Swans form couples too, but one swims alone: Tony, named after a long-necked former defender of these parts, Tony Adams. He moves with a ferocious glandular reputation to live up to; encased in a brick-hard armour of snow pelt, he hisses like a tomcat if you get too close.

 

 

Downriver on the bank, the famous Dalston Heron poses on stilt-like old man’s legs. He is as still as night and cranes his telescopic neck and haughtily gives the eye, his calm shape-shifting in the shadows, his presence benign and balanced, somehow comforting. But a raucous bellow of noise comes from a pub and he takes his uptight walk and moves away.

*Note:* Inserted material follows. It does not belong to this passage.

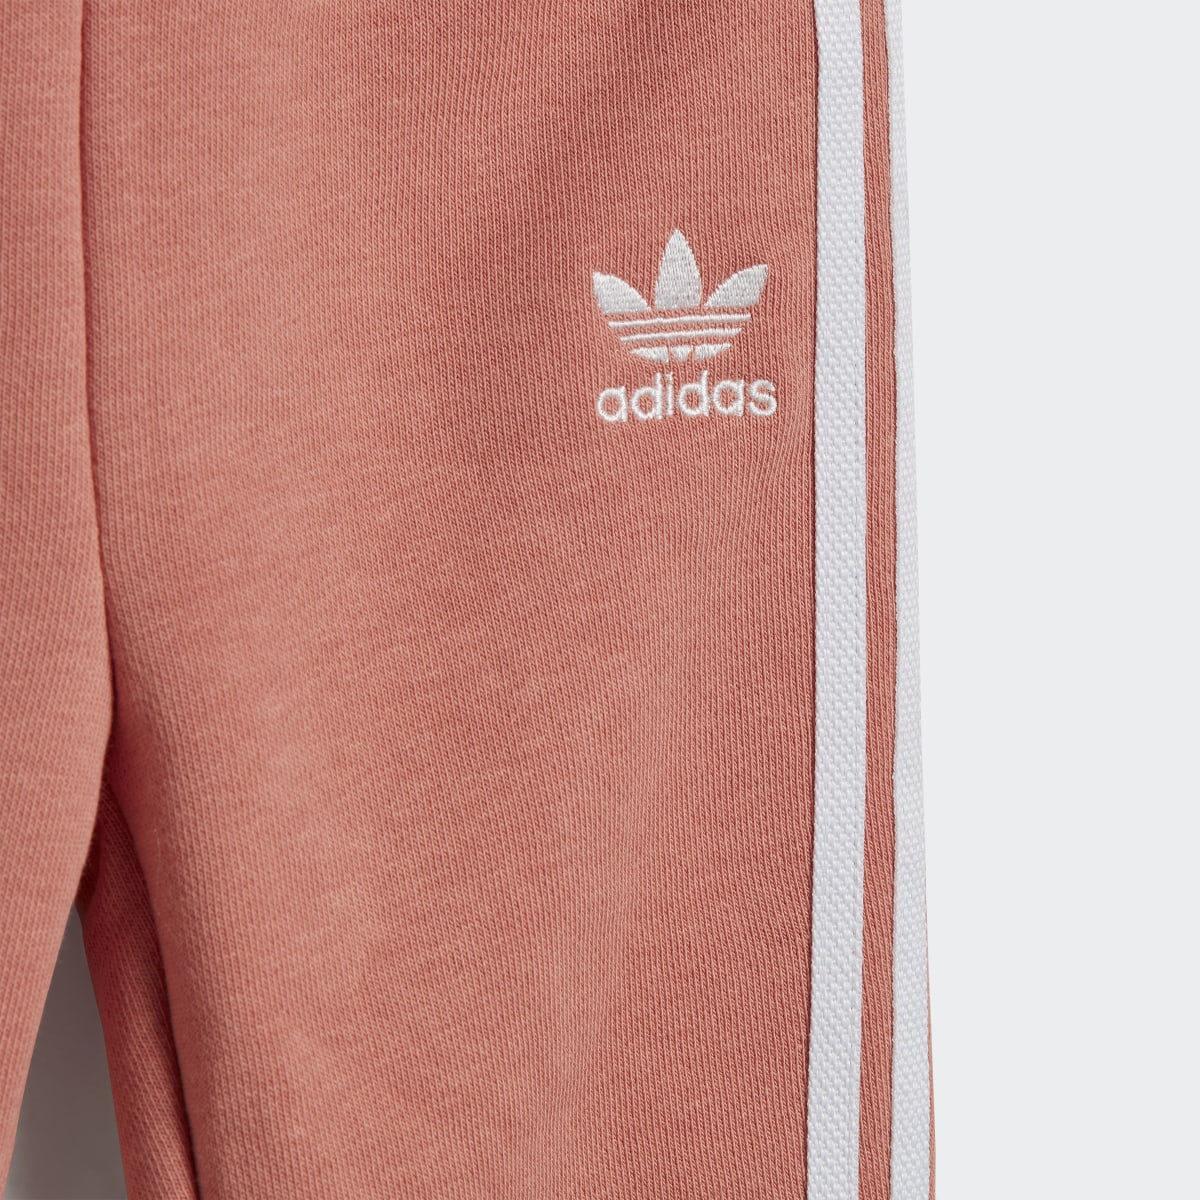 Adidas Ensemble avec sweat-shirt ras-du-cou à imprimé animal intégral. 9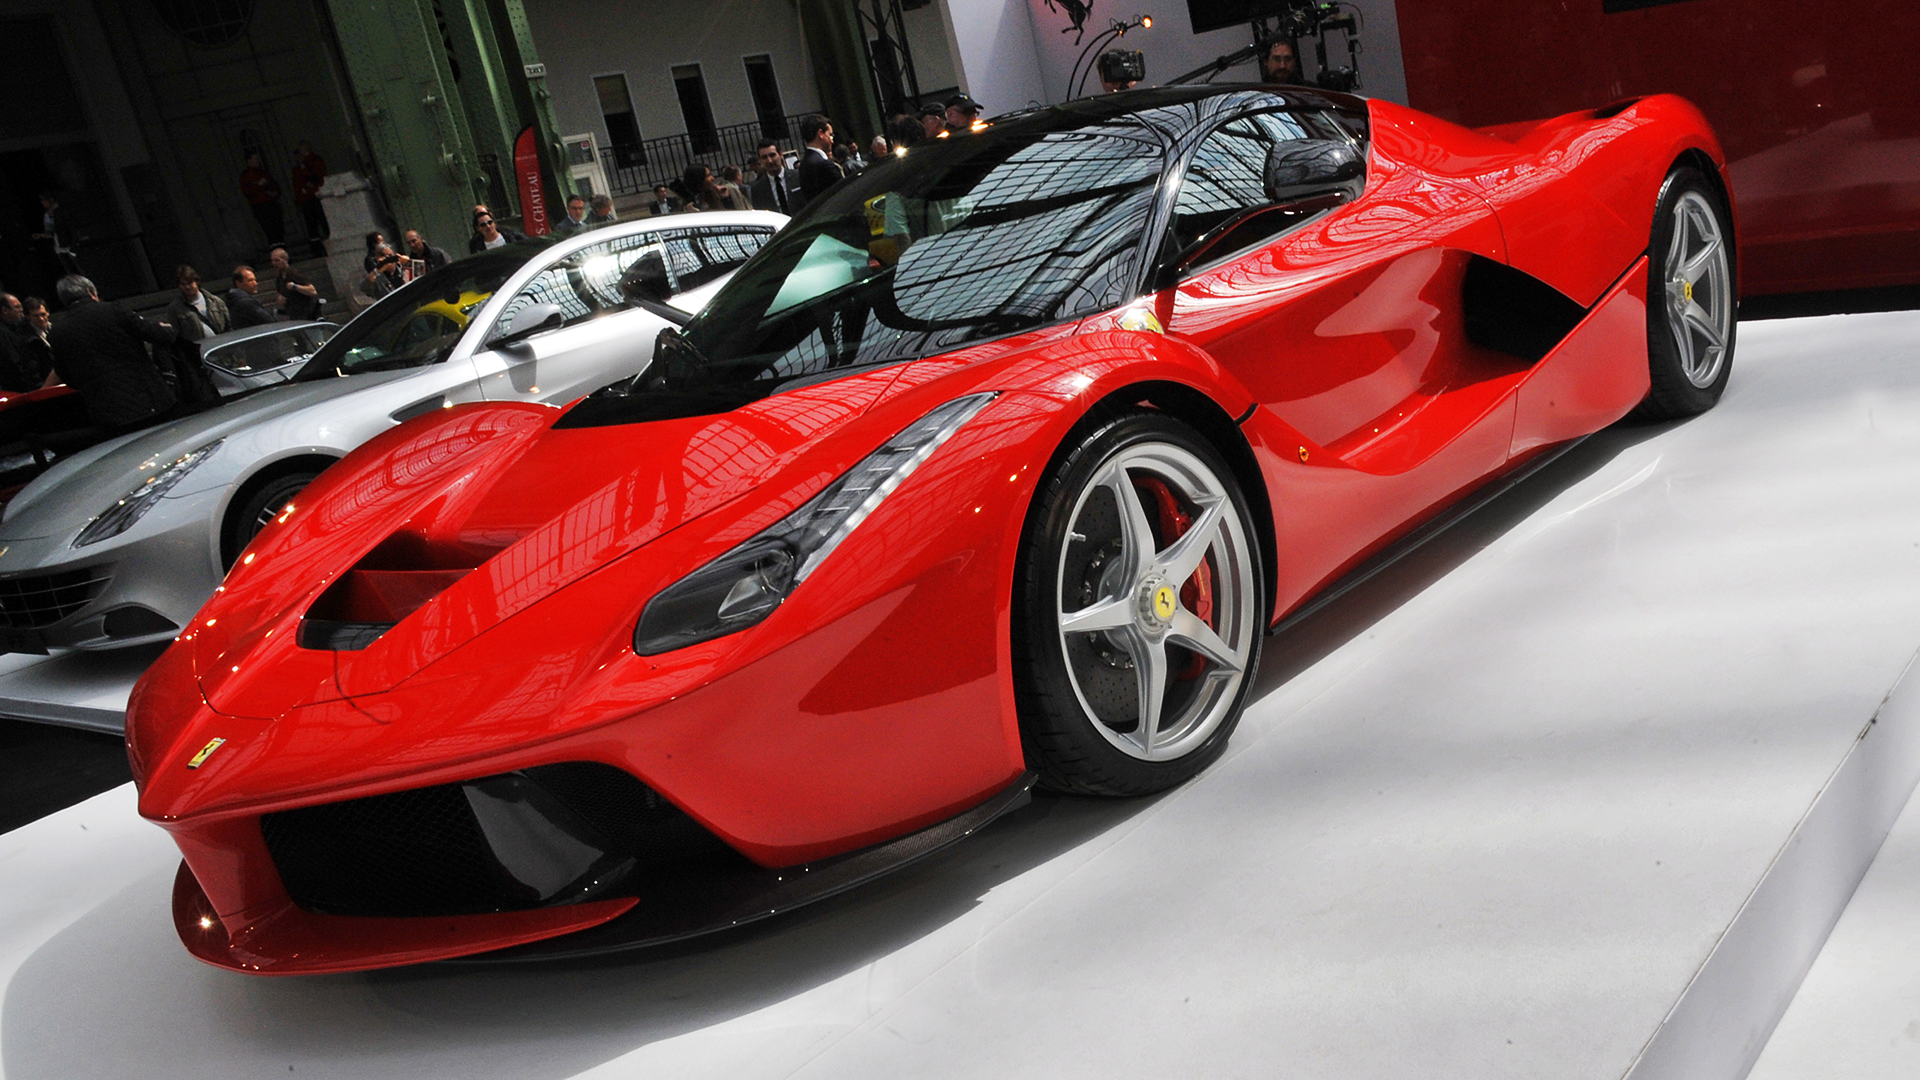 South Africa Will Crush Smuggled Ferrari LaFerrari

A group of red faces nestled together on pint filled tables jab their tongues and shout out the odds. And from there comes a small boy, escaping his drunken mother’s shackles, emerging between heavy adult legs, and rubbing at his eyes. He moves towards the heron, which stands quietly by a wall, its feathers blurring in the breeze. The boy reaches out with his hands and the heron lays his long, red bill gently on the boy’s shoulder. And they find a space, air cuddled in between, and slowly rock: a melancholic waltz. From the aggravated throng splinters a shard of angular spite: ‘Sean, where the fuck are you?’

      

       

                                                                                                                                     

  


                                                                                                                                                                                                

 

                                                                                                                                                                                

 

Bobbing close by, like a small balsa wood boat, is a protective coot who blows his tiny soul trumpet through a Burger King straw – Zoot the Coot, whose shrill call-melody seems to rest on the woman’s pitch each time she cries out. ‘Sean!’; blast of coot; ‘Fucking hell, Sean!’; more blast of coot until the boy and the heron are suddenly gone, and all is quiet again.

In a park, a small red vixen slinks into the bushes where her family waits. The moon passes shadows and light between the clouds, as the night rolls softly on the velvety, ebbing sheen of the canal. And there, high on the grass, are the boy and the heron – suddenly lit, finding places to hide and spotlights of moon dust to play and emerge into. The heron is watchful, standing proud, as the boy runs down a slope, his arms flapping through the air.